Now, when we were discussing the scope of this bill way earlier in the year, this was the original infrastructure bill. And we have a vast majority of Democrats, about 96%, that are in agreement of the entire agenda. Now a very small handful of Democrats, about 4% of the party, are trying to essentially split these two priorities up, you know, and I personally don’t think it’s an accident that the ones that a lot of lobbyists love are in the much smaller, underfunded bill, that don’t make prescription drugs easier to buy and more affordable, etc. And what they want to do is split them apart, force a vote on the first one, and because we have such narrow margins in the Senate and the House, you know, the read that we have is that they’ll just dump the second one, leave the other one out to dry and just never actually vote on it.

And so, the way that we bring our two parts of the caucus together is by saying, “You know what? My bill is bound up in your bill, and your bill is bound up in my bill. So, do I love this very, you know, what I would argue, a conservative, underfunded bill? No. But I will vote for it if we pursue them both together.”

AMY GOODMAN: So, that’s New York Congressmember Alexandria Ocasio-Cortez on MSNBC last night.

For more, we’re joined by the Reverend Dr. William Barber, co-chair of the Poor People’s Campaign, president of Repairers of the Breach. Last month, the campaign met with Speaker Pelosi to, quote, “put a face on the urgent needs of this moment.”

And I think, Reverend Barber, that is what’s missing, is, so often the corporate media, the mainstream media, takes on the language of — I won’t call them “moderate” Democrats.

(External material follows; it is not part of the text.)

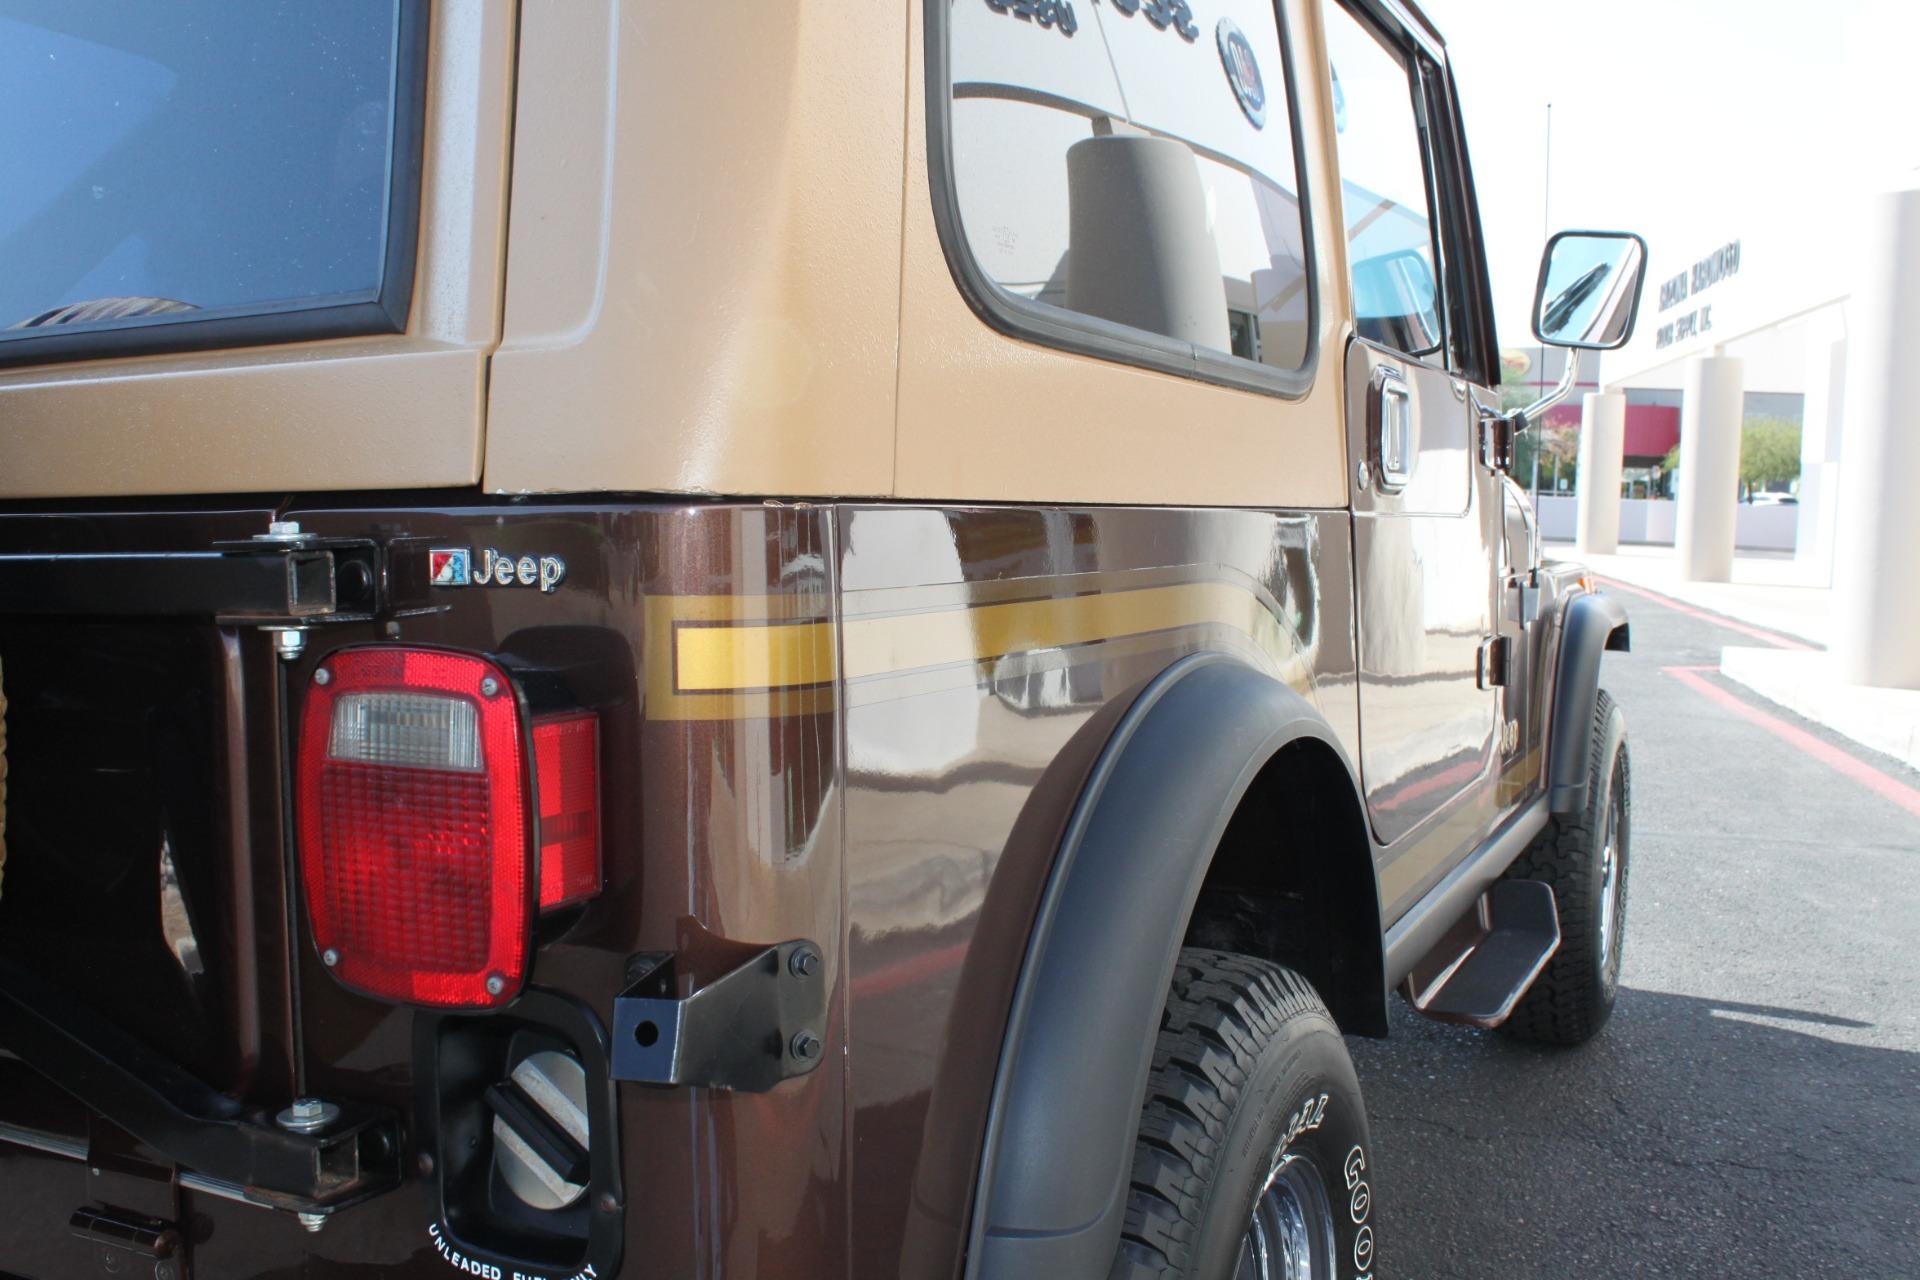 Used-1985-Jeep-CJ-7-Laredo-4WD-Chevrolet

I mean, you have, for example, Senator Manchin in West Virginia — you’ve been holding protests in his state — who is the largest recipient of oil and gas funds of any senator in the country. It’s not that he is a moderate — a conservative corporate Democrat perhaps. And then you have Arizona Senator Sinema. Arizona and West Virginia, some of the poorest states in the country. She has a fundraiser with those who are opposed to restoring taxes on the wealthiest people in this country, although she used to be Ralph Nader’s campaign head in Arizona. What do you make of this, as she goes back and forth from fundraisers to the Oval Office, but they don’t lay out their alternative plan versus, as AOC puts it, 96% of the Democrats?

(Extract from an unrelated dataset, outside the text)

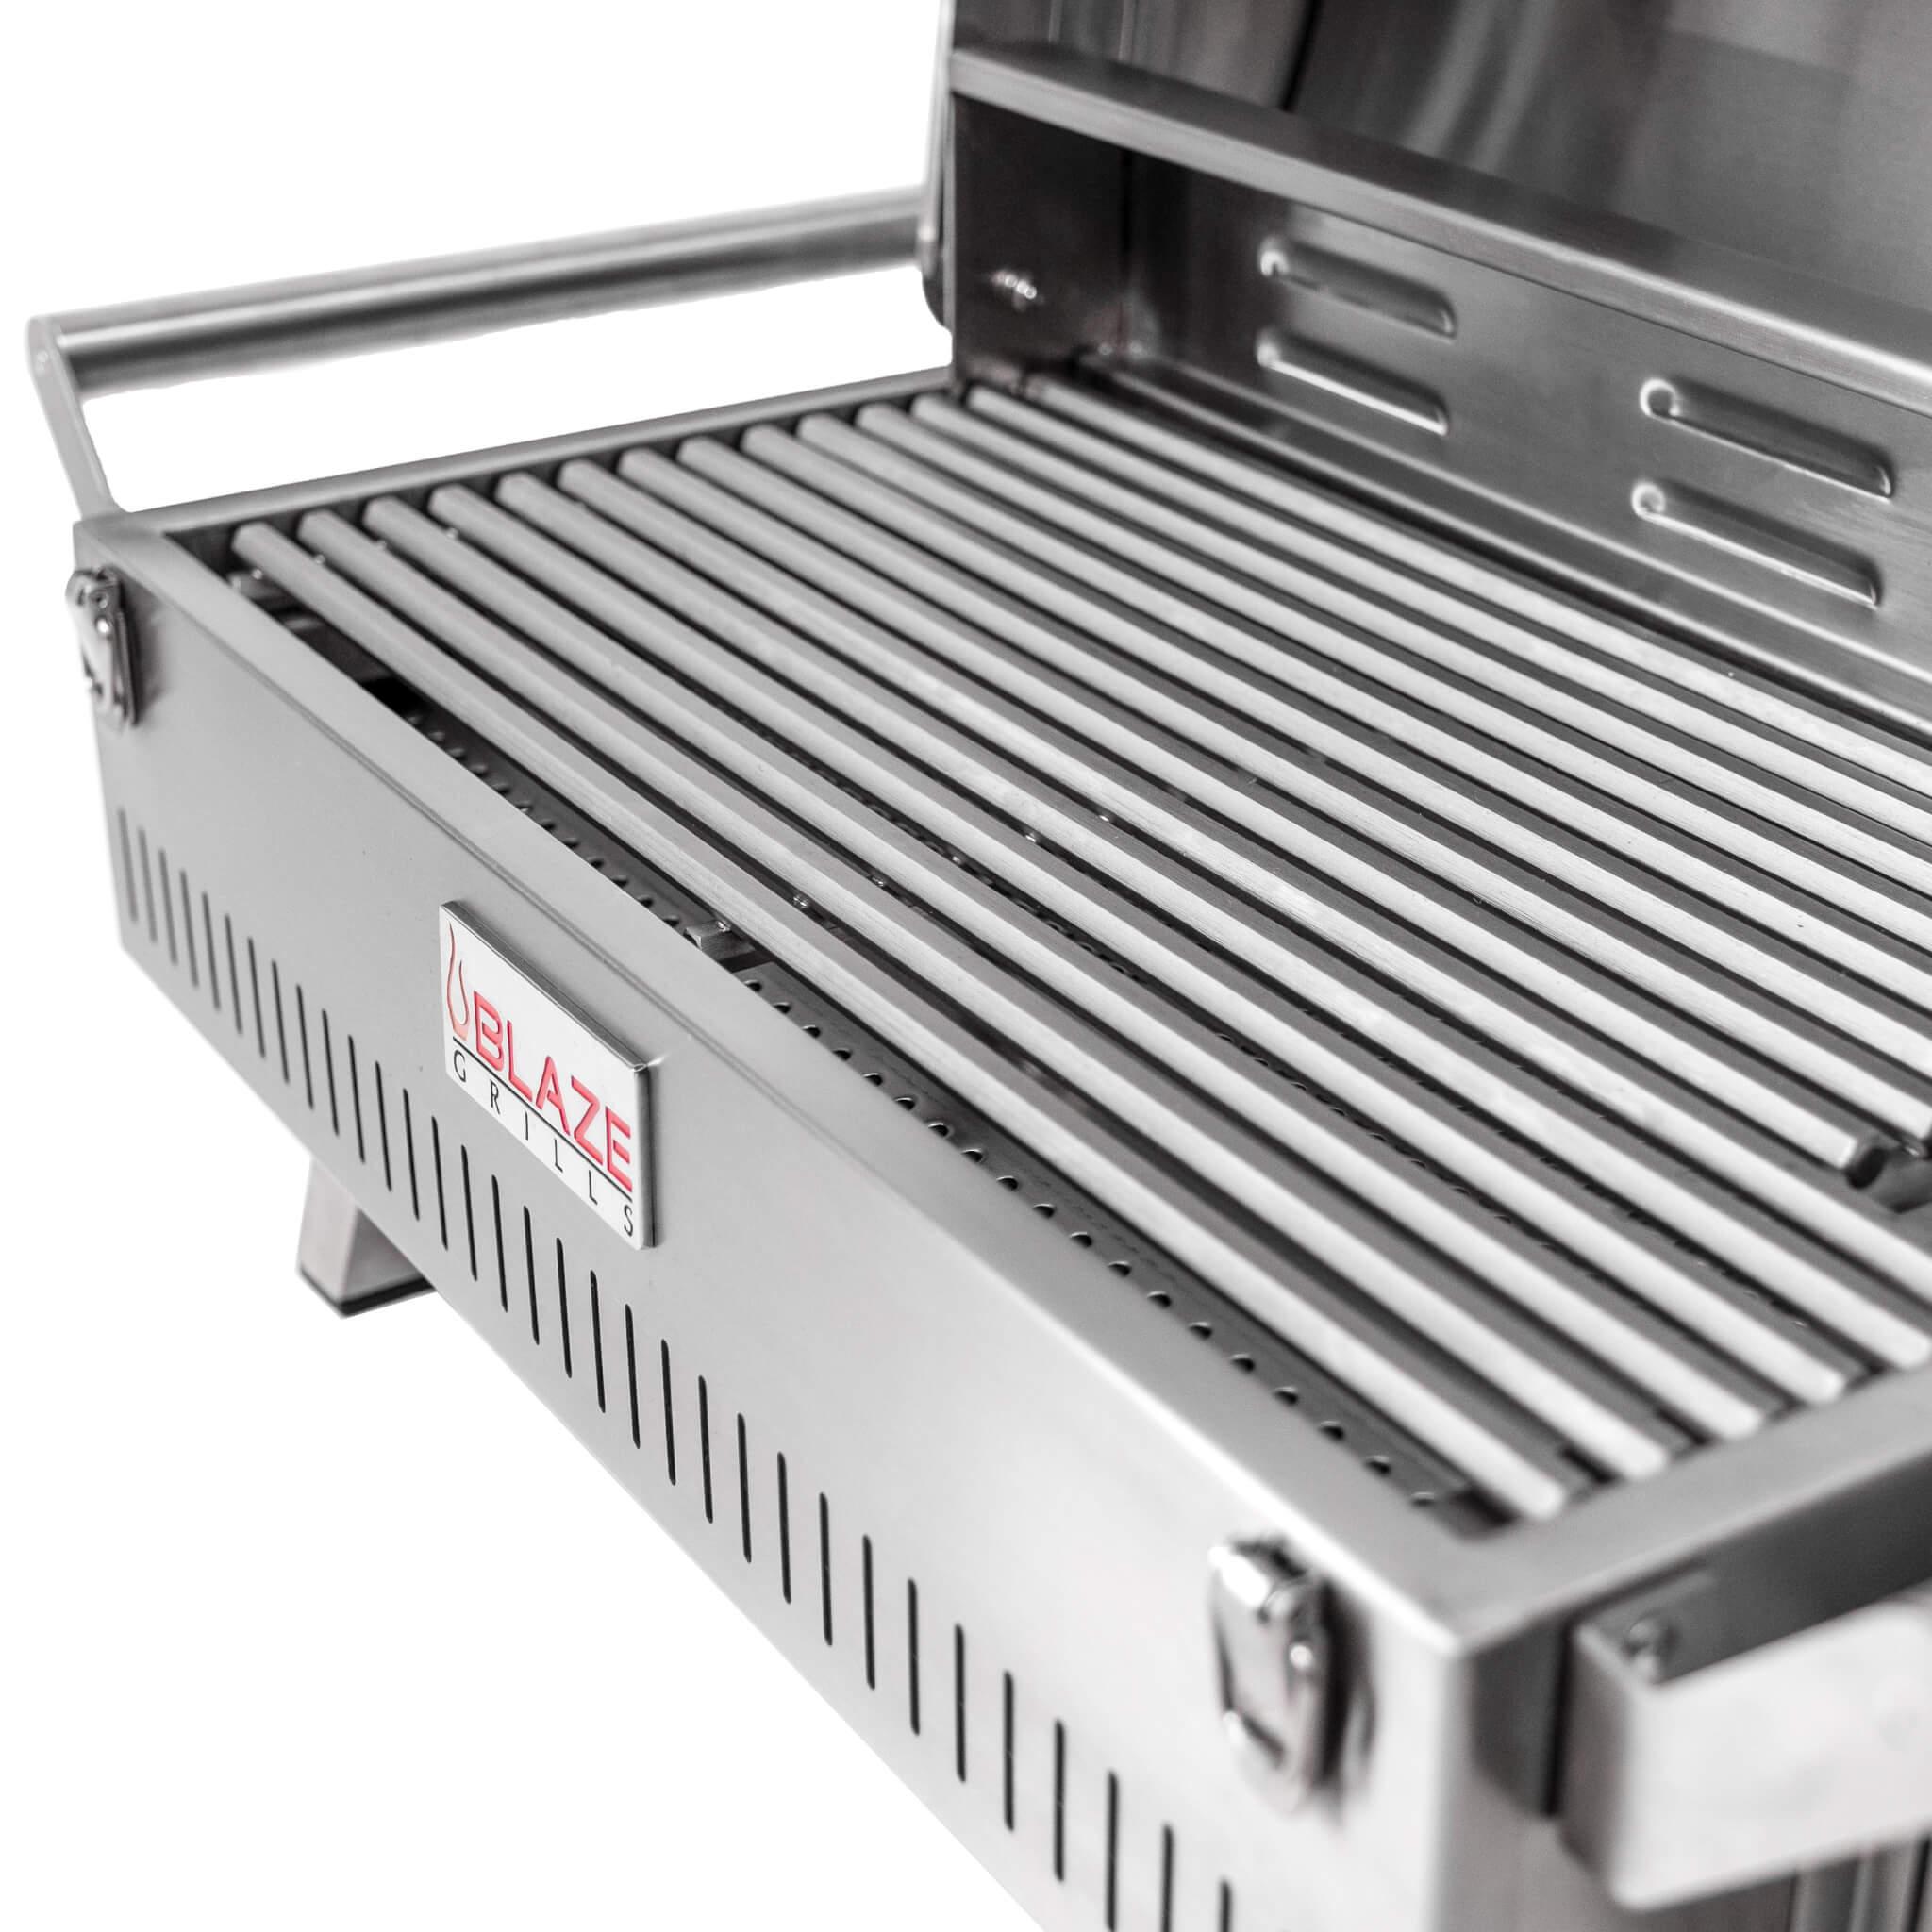 Blaze Professional Portable Propane Gas Grill

REV. WILLIAM BARBER II: Well, I think we, first of all — you’re right — have to stop using this crazy liberal versus moderate versus conservative language. This is not about that. This is about a moral crisis in our nation, a crisis of civilization, a crisis of our democracy.

If you think right now, we have two senators blocking voter suppression — dealing with voter suppression and protecting the process to vote that 56 million Americans used in the last election. And those same two senators are working on behalf of corporate greed and the corporations to block the economic investment in the lives of poor and low-wealth people in this country — which, by the way, is not even what we need. We need, actually, according to the Economic Policy Institute, $10 trillion over 10 years. And then you have these two senators, one from Arizona, Sinema — over 3 million people in her state are poor and/or low-wealth, 830,000 are uninsured, and 1.2 million make less than $15 an hour. In West Virginia, 42% of the state is poor and low-wealth, over 750,000 people; 350,000 make less than $15. And we could have seen this coming when Manchin and Sinema blocked raising the living wage earlier this year to $15. And Sinema danced when she did it.

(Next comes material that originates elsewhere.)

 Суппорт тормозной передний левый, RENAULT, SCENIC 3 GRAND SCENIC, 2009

And the mistake that I think Democrats are making — and we said this to the president and his handlers. We offered to bring to the White House poor and low-wealth people of every geographical area and diverse racially, with moral and religious leaders, economists, to have a meeting in the White House, and then for the people to come out and say, “You are voting against me.” They need to have people who need living wages at the mic. They need to have healthcare, home care workers at the mic. They need to have people who are facing homelessness and eviction at the mic. They need to have people that would benefit from child care at the mic. They need to have people who need living wages at the mic. But instead, what we got trapped in is whether it’s going to be $3.5 trillion, which is only $310 [sic] billion a year. And we’ve already spent $20-some trillion in war since September 11, so it’s not like we don’t have the money. We’re getting trapped into whether it’s 3.5 or 2.1, rather than showing America what this is really about. This is about those who stand with you versus those who stand with the corporate greed and the Koch brothers. I don’t know why in the world Democrats want to claim always to care for low and — poor and low-wealth people but then don’t want poor and low-wealth people to speak. Someone told us the other day that they were afraid that if they put poor and low-wealth people out front, that it might turn Americans off. That is absolutely ridiculous, when 140 million people in this country are poor and low-wealth in this nation today and 700 people are dying a day from poverty and more have fallen into poverty since COVID.

We have a crisis of civilization and a crisis of democracy. And we have a serious messaging problem when it comes to Democrats. And it seems that they would rather argue the numbers. Even, lastly, they say this is about whether or not you support the president. I love President Biden. Thank God for him. No, it’s not. This is about whether you support the people who have been hurt the most during COVID, the people who were the first to get infected, the first to get sick, the first to die, the people who have suffered in poverty and low wealth for years. The question here is not “What will it cost if we do this?” What will it cost if we don’t do this? And that’s the moral argument that we should be raising in this time. And it’s not about moderate versus liberal versus conservative. It’s about right versus wrong.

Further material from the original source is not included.